Linear growth
a.
is characterized by a rapidly growing population.
b.
is demonstrated by the sequence 12, 13, 14, 15, 16.
c.
is illustrated by the numbers 2, 4, 8, 16, 32.
d.
is characterized by resource use and consumption.
e.
is characterized by a slowly decreasing population.
If the world's population grew by 2% in 1998 and continued at that rate, how long would it take the Earth's population to double?
a.
20 years
b.
25 years
c.
30 years
d.
35 years
e.
40 years
Linear growth is characterized by a consistent increase over time where the amount added or gained remains constant. To determine if a statement describes linear growth, we need to examine the pattern and see if there is a constant increase or progression.
a. Rapidly growing population does not necessarily indicate linear growth as it is describing the speed at which the population is increasing, not the consistency of the increase.
b. The sequence 12, 13, 14, 15, 16 does not demonstrate linear growth as the increase is not constant. The progression is an increase of 1 with each term, but it is not consistent.
c. The numbers 2, 4, 8, 16, 32 demonstrate exponential growth, not linear growth. Each subsequent number is double the previous one.

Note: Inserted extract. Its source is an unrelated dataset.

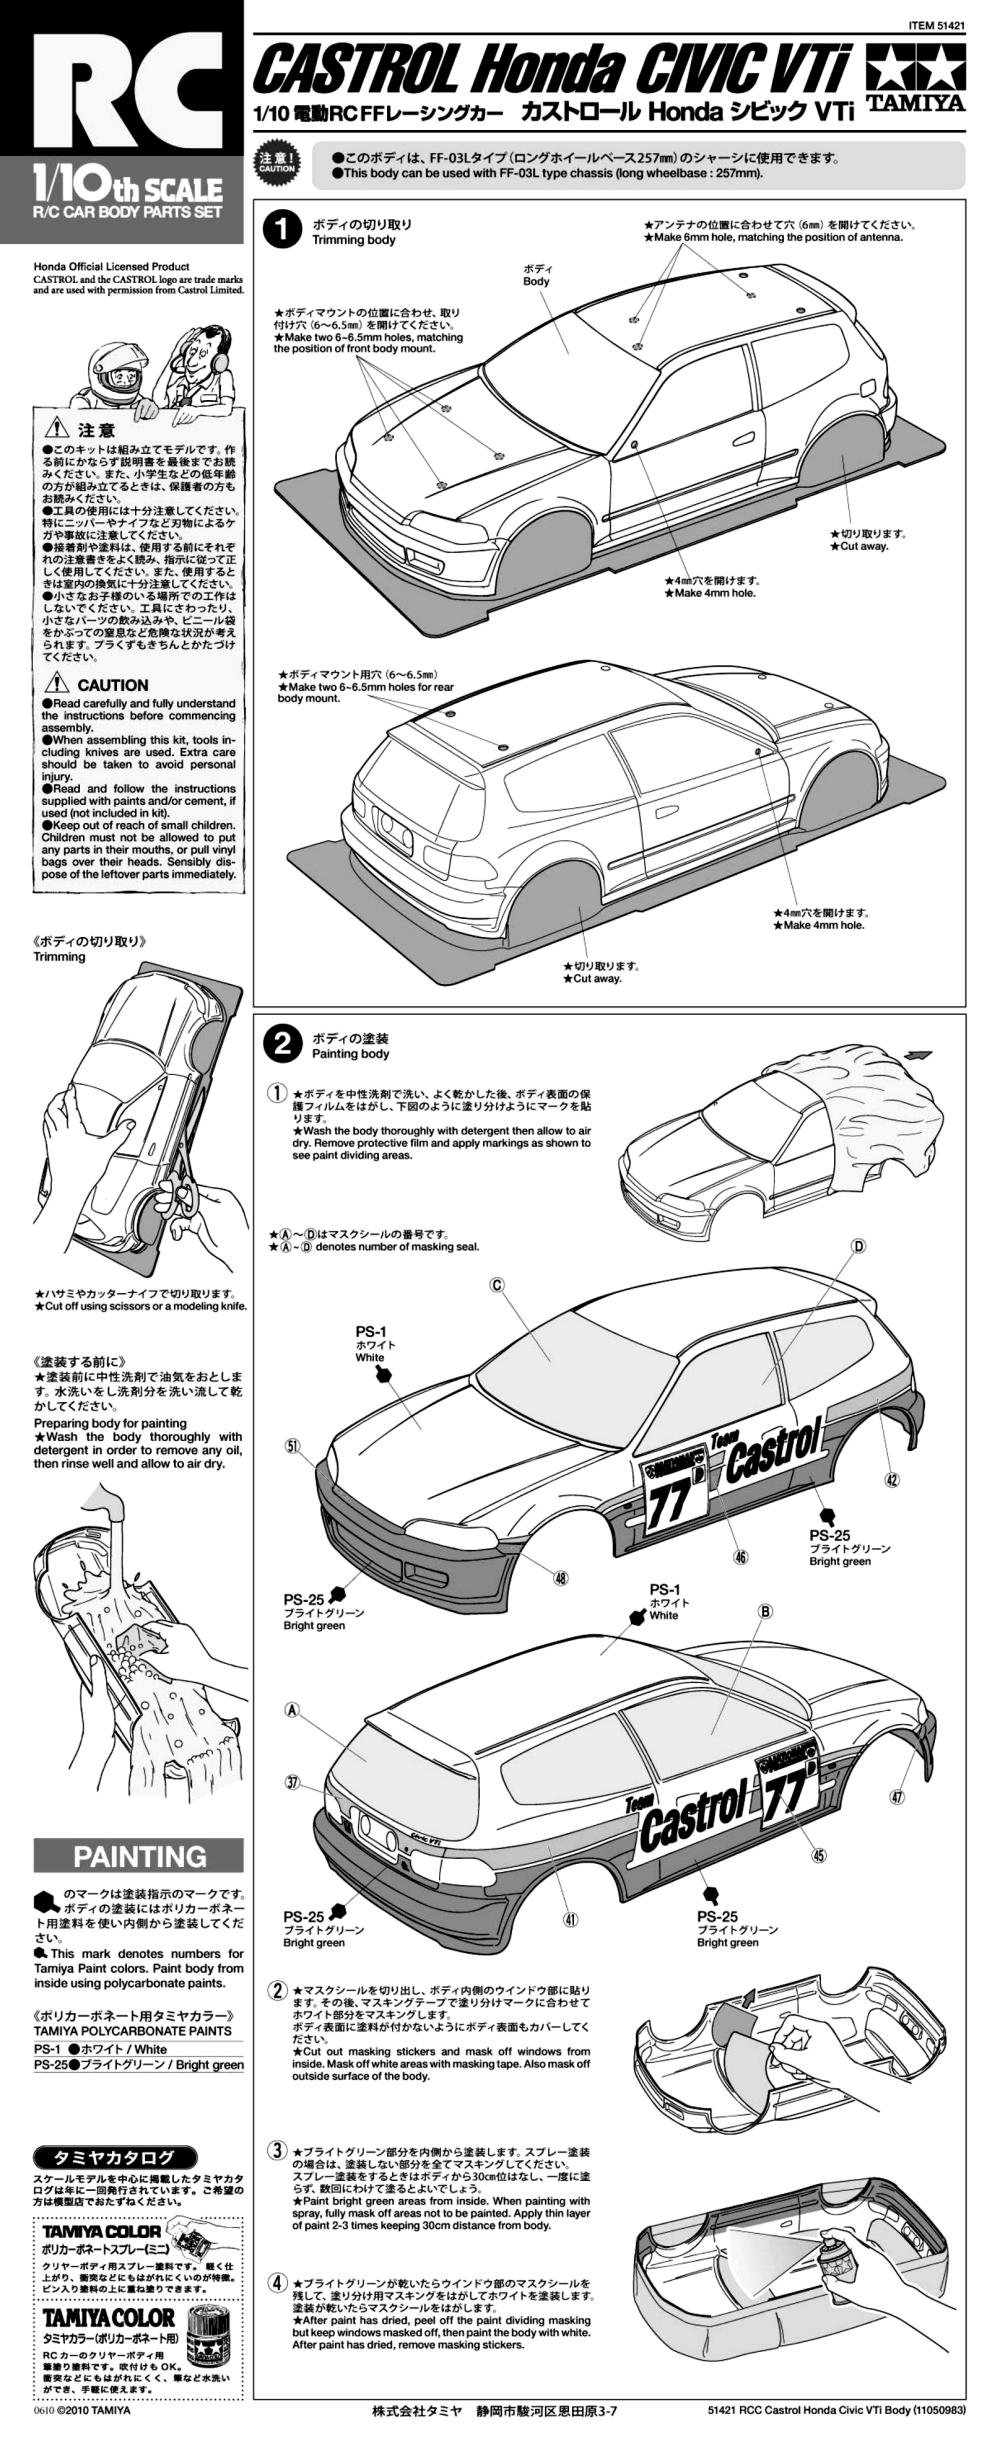 Tamiya - Castrol Honda Civic VTi - Body - Manual - Page 1

d. Resource use and consumption does not relate to linear growth as it describes the utilization and depletion of resources, not a consistent increase.
e. A slowly decreasing population does not represent linear growth as it indicates a decline, not a constant increase.
Now, let's move on to the second question:
To determine how long it would take for the Earth's population to double if it grew by 2% each year, we can use the rule of 70. The rule of 70 states that to find the doubling time, we divide 70 by the growth rate.
In this case, the growth rate is 2%, so we divide 70 by 2 to get 35.
Therefore, it would take 35 years for the Earth's population to double if it grew by 2% each year.
So, the answer is option d. 35 years.